== Segment start ==
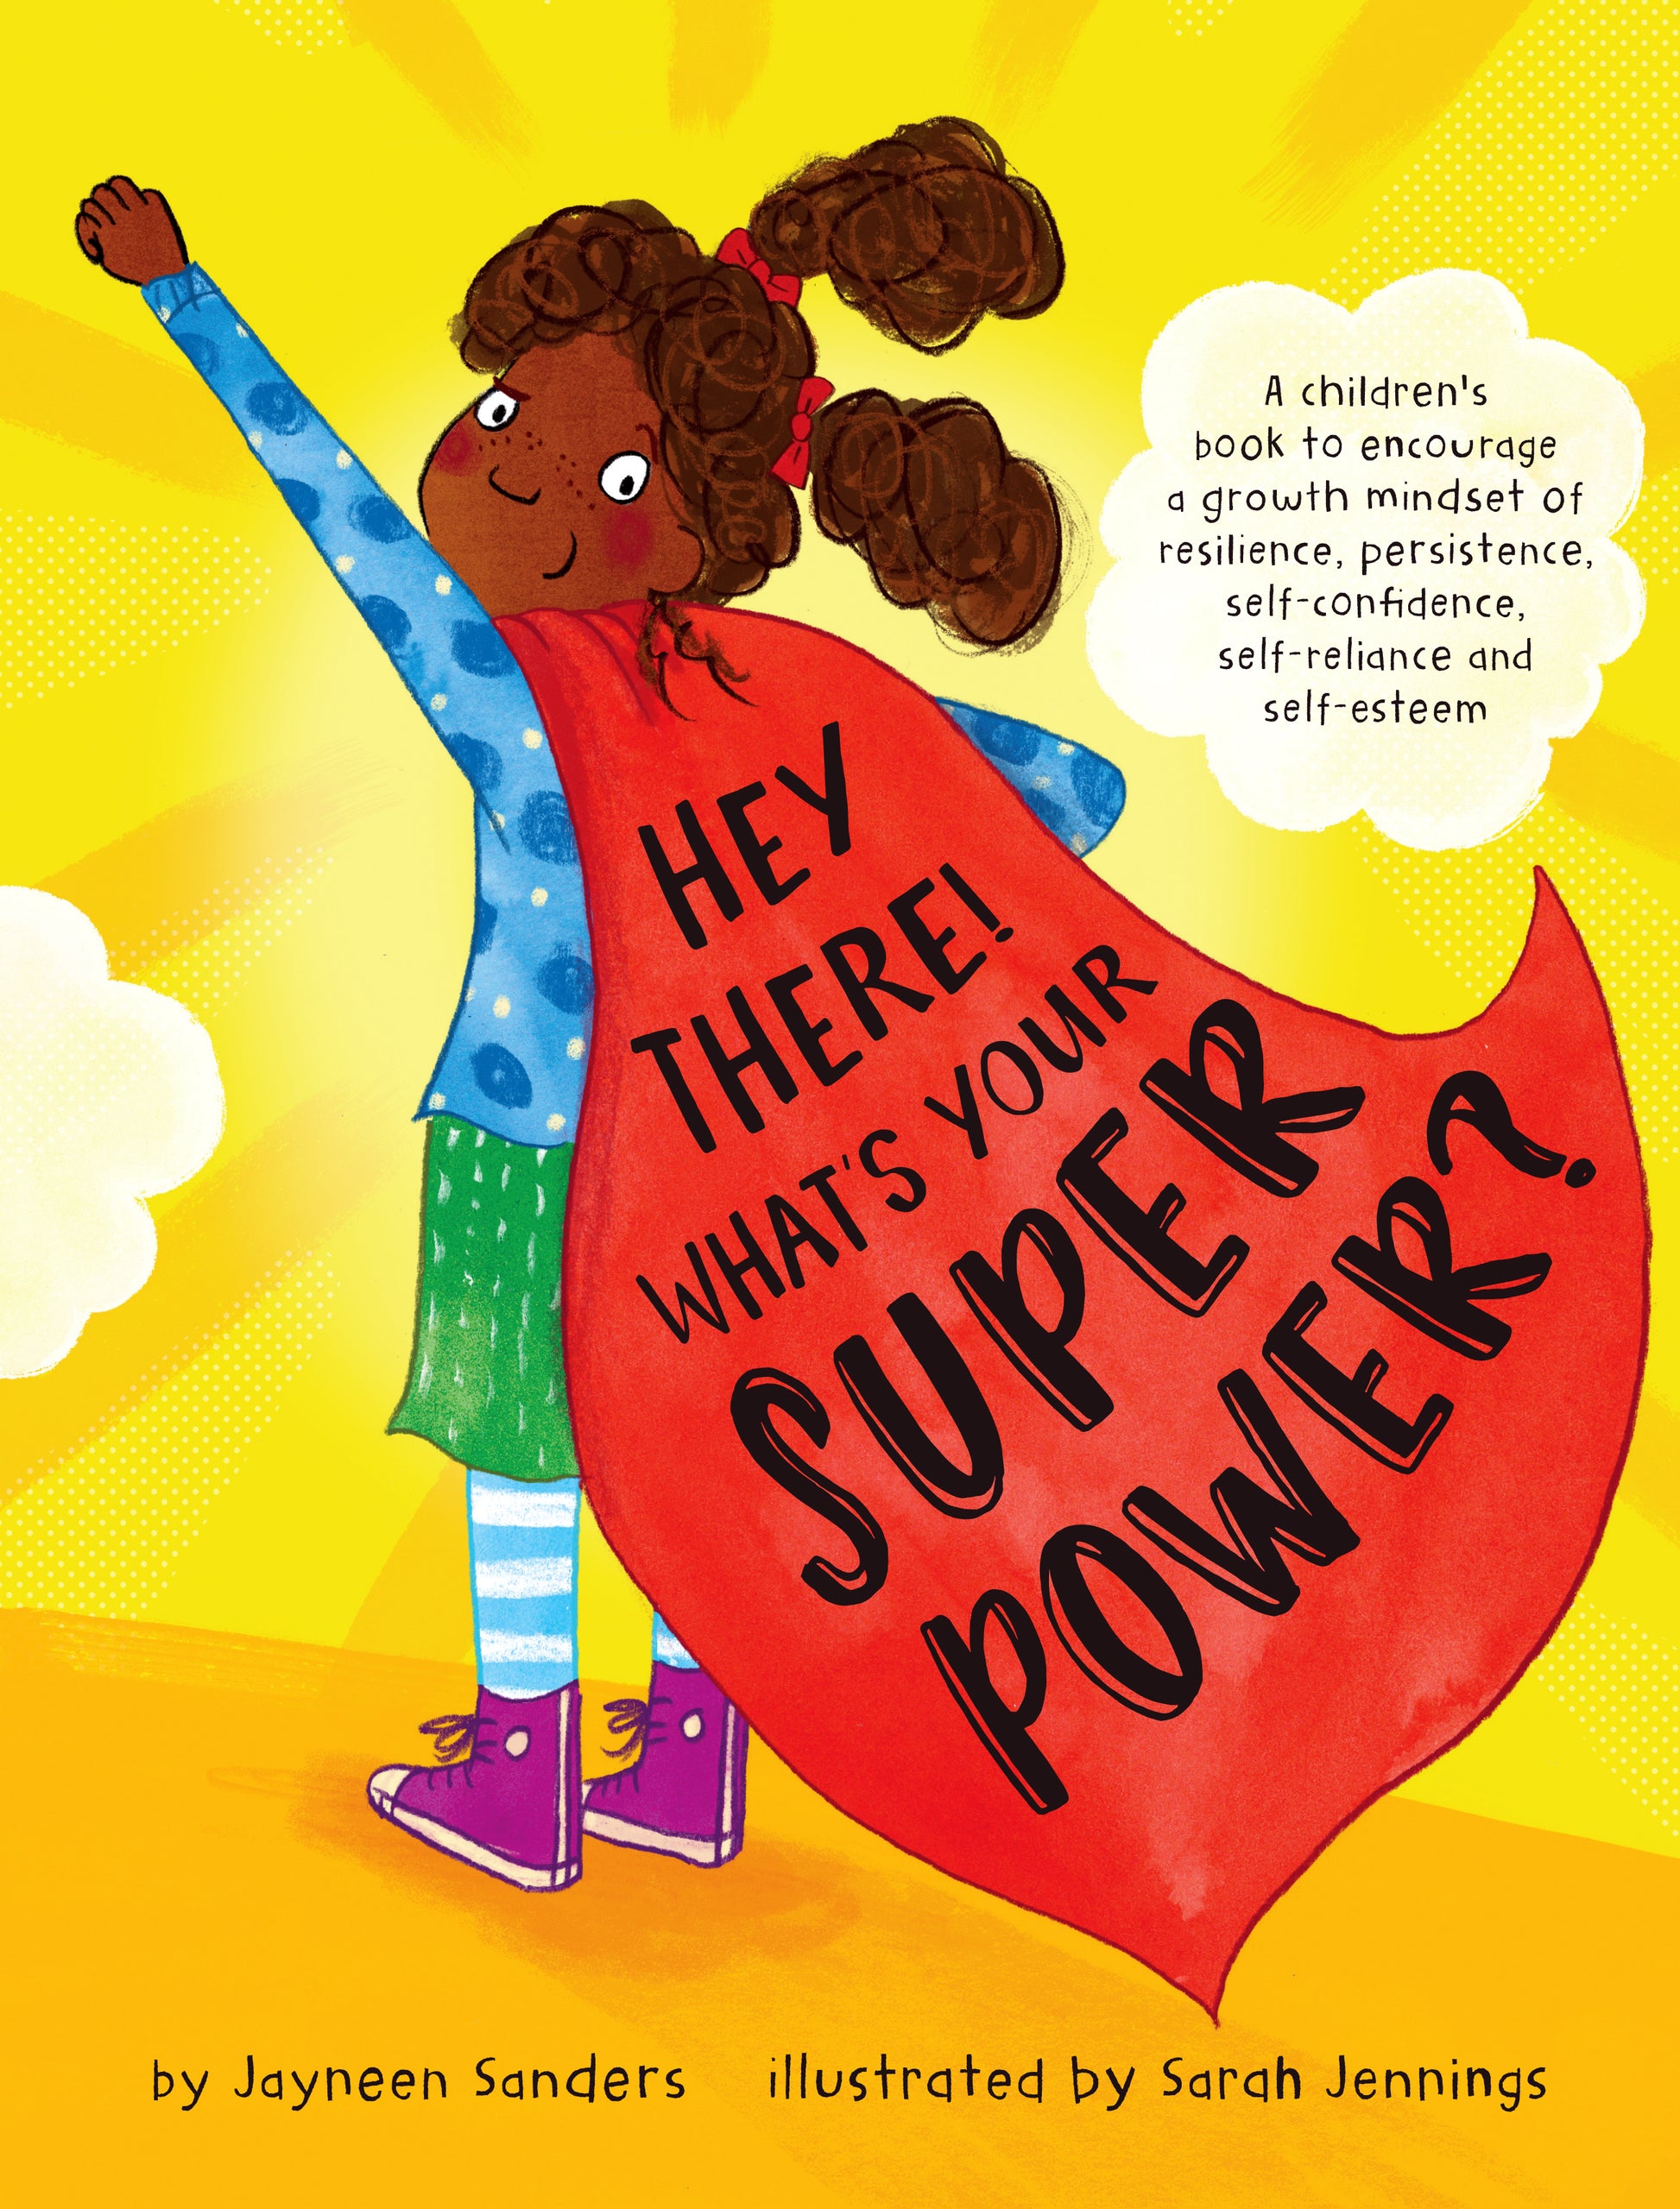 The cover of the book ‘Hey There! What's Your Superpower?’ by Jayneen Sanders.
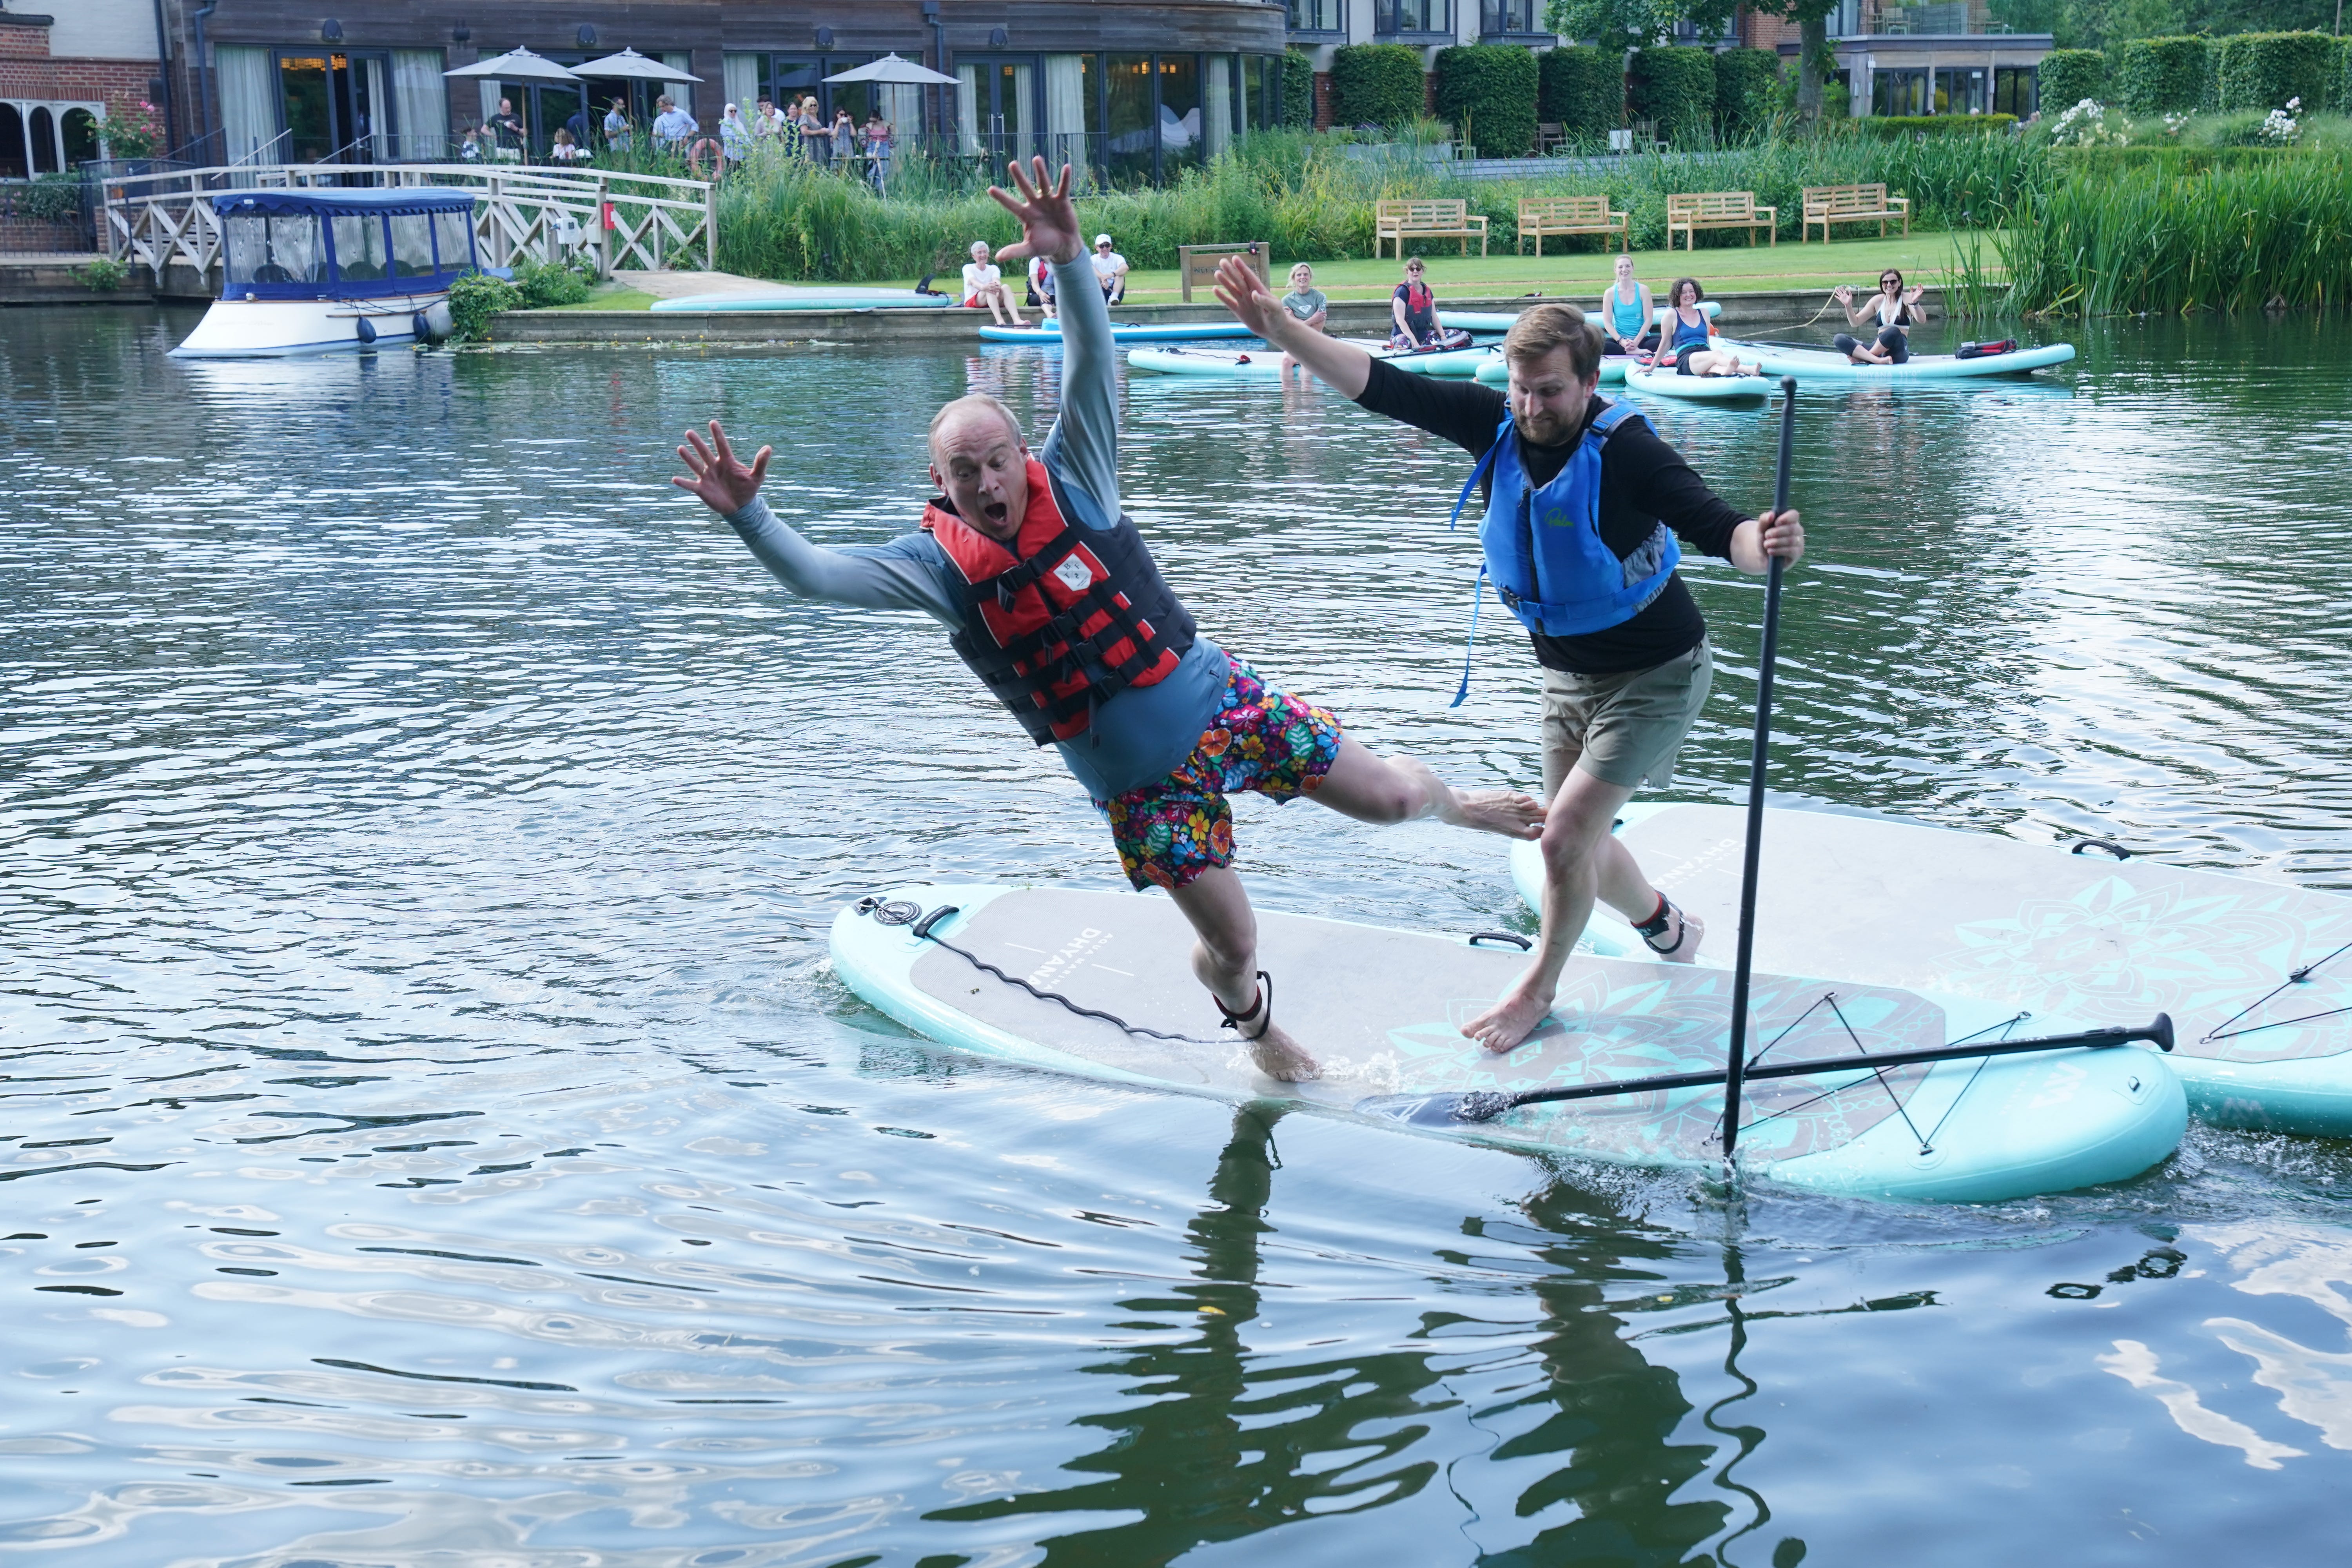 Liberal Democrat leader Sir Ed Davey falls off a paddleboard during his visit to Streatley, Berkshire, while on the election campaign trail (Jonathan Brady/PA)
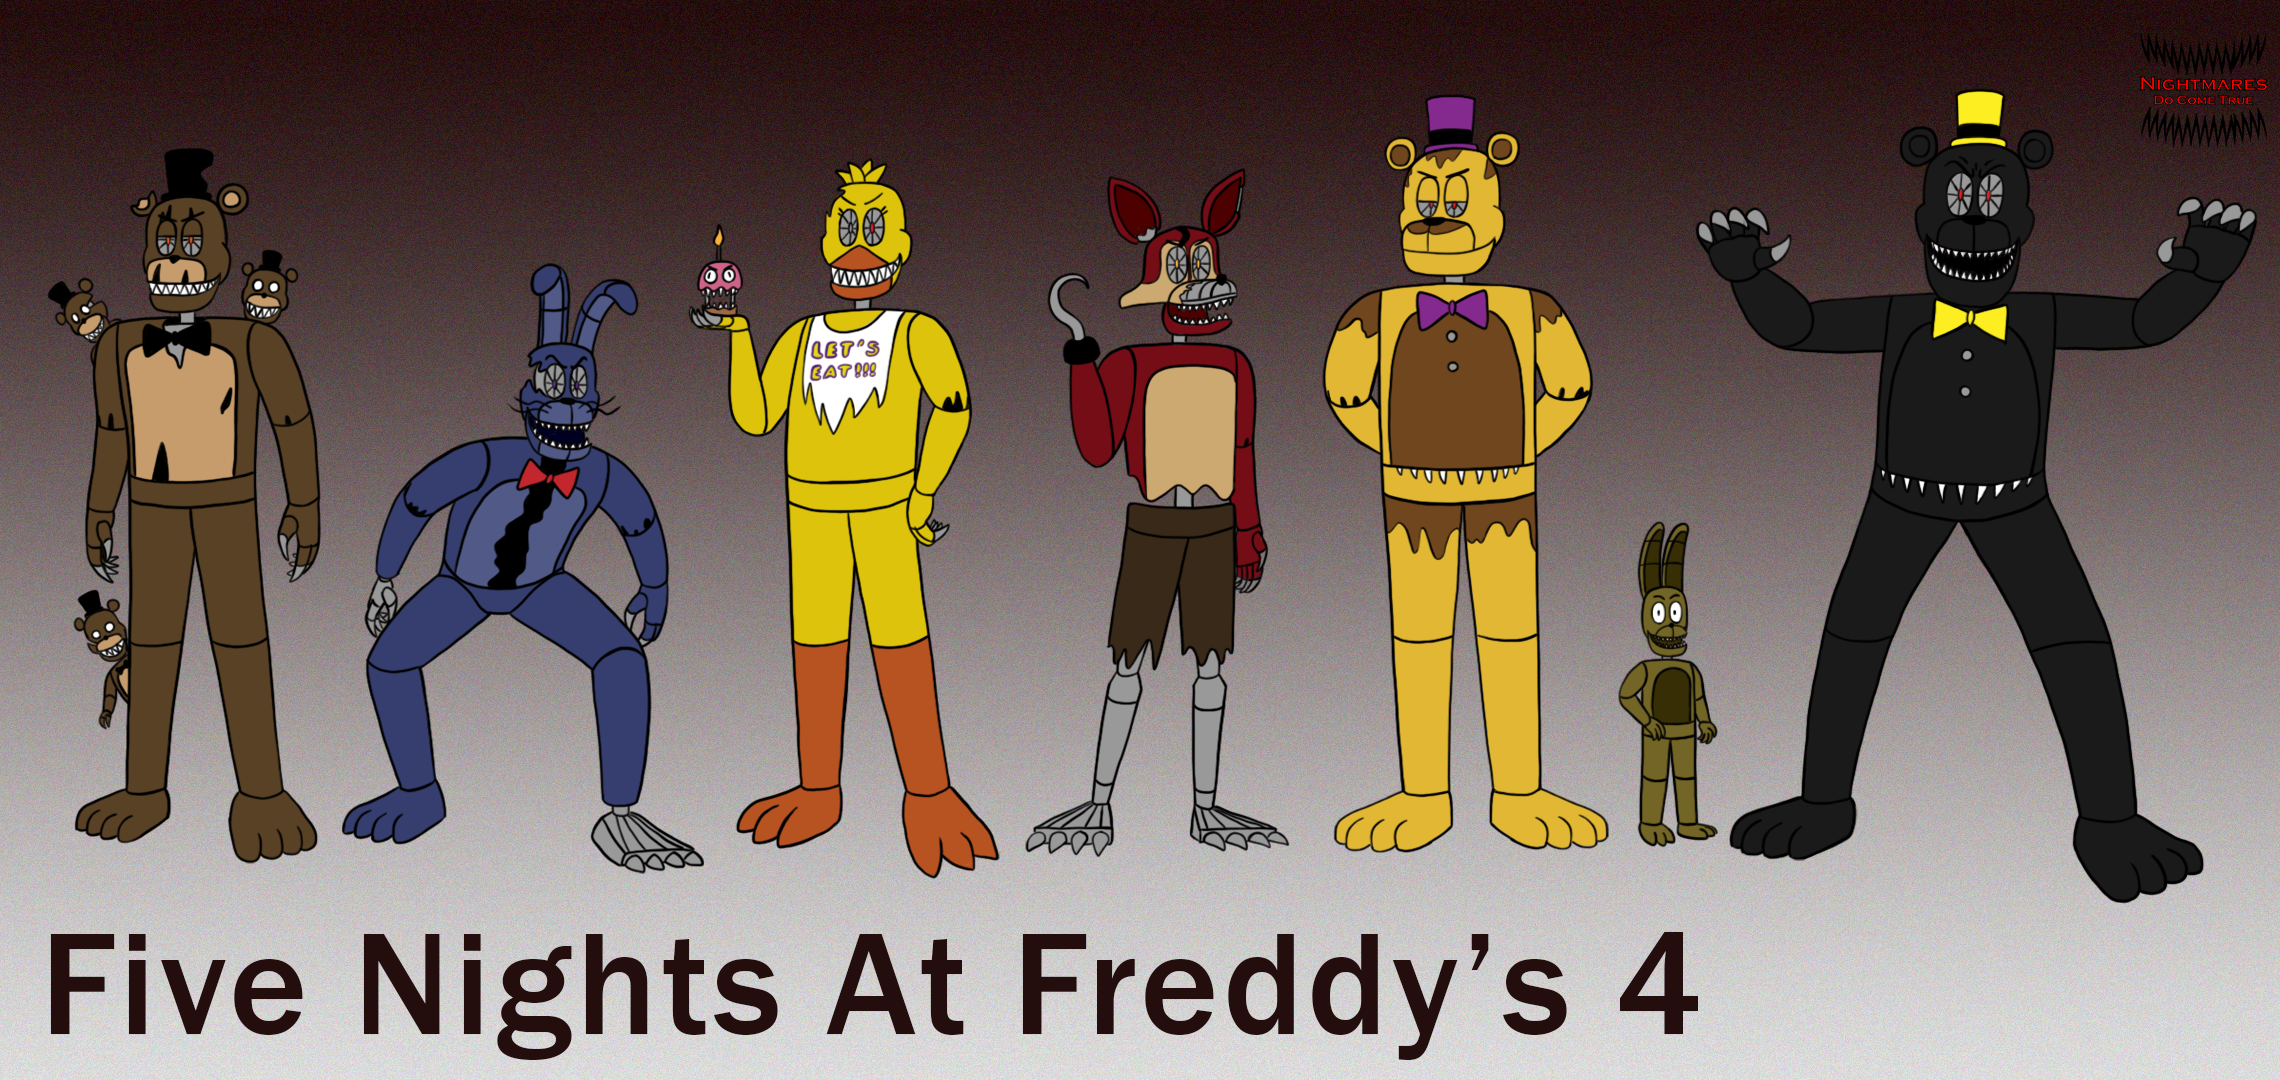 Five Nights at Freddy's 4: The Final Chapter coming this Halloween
== Segment end ==
→ TASK PROMPT
In your copy, leave out the pictures and reproduce the material above exactly.

→ SOLUTION TO THIS EXERCISE
 The cover of the book ‘Hey There! What's Your Superpower?’ by Jayneen Sanders.
 Liberal Democrat leader Sir Ed Davey falls off a paddleboard during his visit to Streatley, Berkshire, while on the election campaign trail (Jonathan Brady/PA)
 Five Nights at Freddy's 4: The Final Chapter coming this Halloween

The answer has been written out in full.